First, I tried plotting the data grouping by location, but I'm guessing since the "Tap Water" group only has 2 data points, it doesn't meet the degrees requirement:

#Import Packages
library(tidyverse)

#Import Data
mydata <- read.csv("L:\\2019\\19W06195 - EPW HRS and RRB WWTPs Disinfection Study\\Design\\Design Criteria\\R\\UVT Graphs\\UVTdata.csv")

#Plot
p <- ggplot(data=mydata, aes(x=as.Date(mydata[,1], "%Y-%m-%d"), y=mydata[,3], color=mydata[,2])) + geom_point() + geom_smooth(method = "loess", se = FALSE)

p + scale_x_date(date_breaks = "days" , date_labels = "%b-%d")

Plot attempt #1

This is the error i recieved:

Warning messages:
1: In simpleLoess(y, x, w, span, degree = degree, parametric = parametric,  ... :
  span too small.   fewer data values than degrees of freedom.
2: In simpleLoess(y, x, w, span, degree = degree, parametric = parametric,  ... :
  at  18451
3: In simpleLoess(y, x, w, span, degree = degree, parametric = parametric,  ... :
  radius  2.5e-005
4: In simpleLoess(y, x, w, span, degree = degree, parametric = parametric,  ... :
  all data on boundary of neighborhood. make span bigger
5: In simpleLoess(y, x, w, span, degree = degree, parametric = parametric,  ... :
  pseudoinverse used at 18451
6: In simpleLoess(y, x, w, span, degree = degree, parametric = parametric,  ... :
  neighborhood radius 0.005
7: In simpleLoess(y, x, w, span, degree = degree, parametric = parametric,  ... :
  reciprocal condition number  1
8: In simpleLoess(y, x, w, span, degree = degree, parametric = parametric,  ... :
  at  18452
9: In simpleLoess(y, x, w, span, degree = degree, parametric = parametric,  ... :
  radius  2.5e-005
10: In simpleLoess(y, x, w, span, degree = degree, parametric = parametric,  ... :
  all data on boundary of neighborhood. make span bigger
11: In simpleLoess(y, x, w, span, degree = degree, parametric = parametric,  ... :
  There are other near singularities as well. 2.5e-005
12: In simpleLoess(y, x, w, span, degree = degree, parametric = parametric,  ... :
  zero-width neighborhood. make span bigger
13: In simpleLoess(y, x, w, span, degree = degree, parametric = parametric,  ... :
  zero-width neighborhood. make span bigger
14: Computation failed in `stat_smooth()`:
NA/NaN/Inf in foreign function call (arg 5)
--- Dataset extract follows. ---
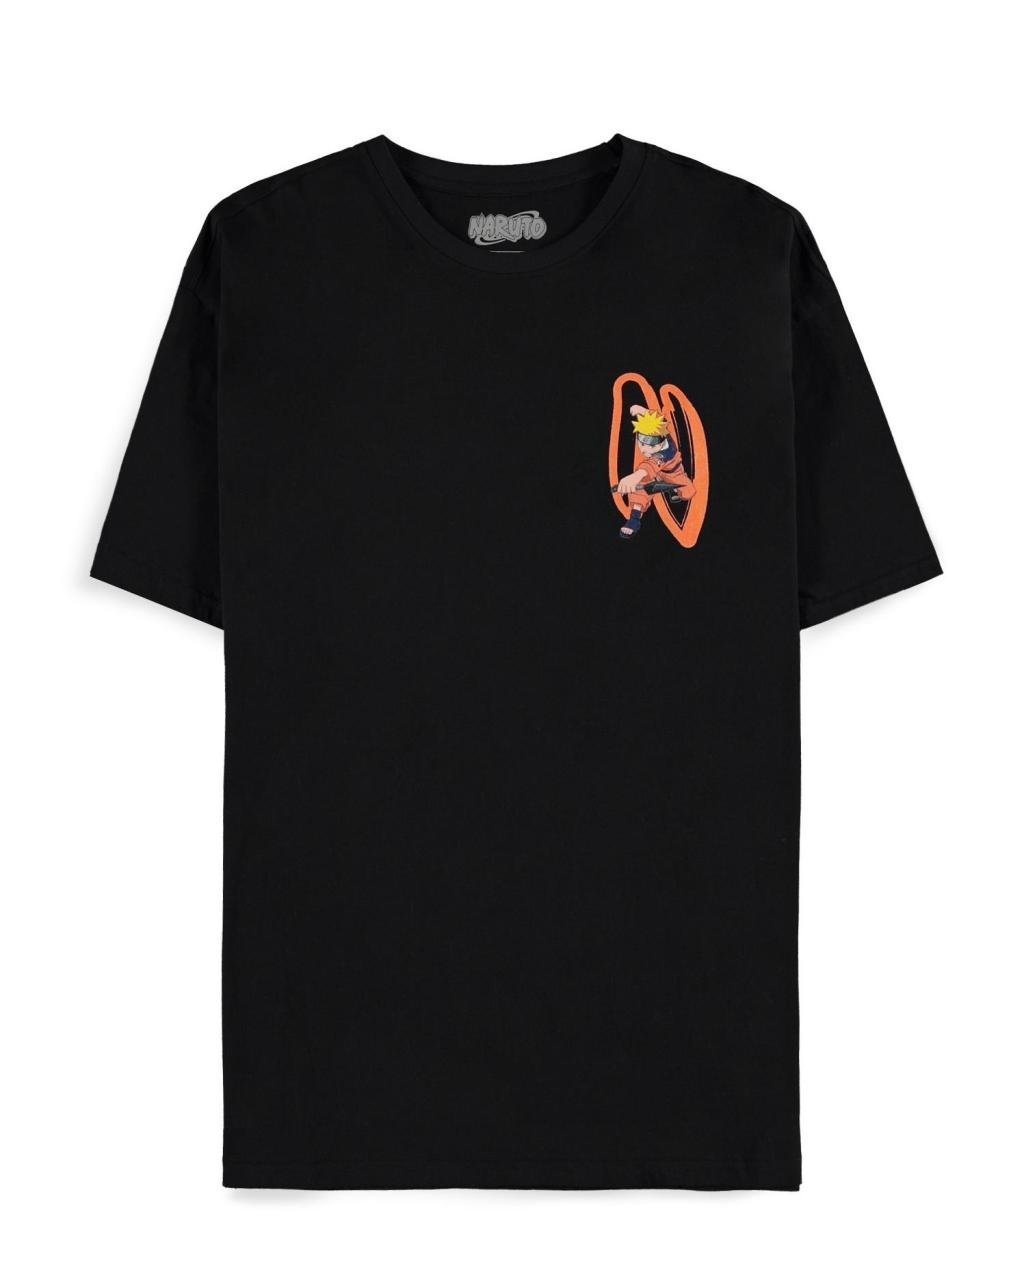 NARUTO - Ninja Way - Men T-Shirt (XXL)

Note that running this same code, but specifying "method=lm" rater than "method=loess" works perfectly, but doesn't show the trend that I want.

linear regression model

To fix this, I tried setting a condition to default to a linear regression for data subsets with too few data points:

sProduct <- unique(mydata[,2])
p <- ggplot(mydata, aes(as.Date(mydata[,1], "%Y-%m-%d"), mydata[,3], color = mydata[,2])) + geom_point()

for (i in sProduct){

  sMethod <- ifelse(sum(mydata[,2] == i) <= 5, "lm", "loess")
  p <- p + geom_smooth(data = subset(mydata, mydata[,2] == i), method = sMethod, se = FALSE)
}

p

Despite this effort, I now get an aesthetic error:

Error: Aesthetics must be either length 1 or the same as the data (14): x, y and colour
Run `rlang::last_error()` to see where the error occurred.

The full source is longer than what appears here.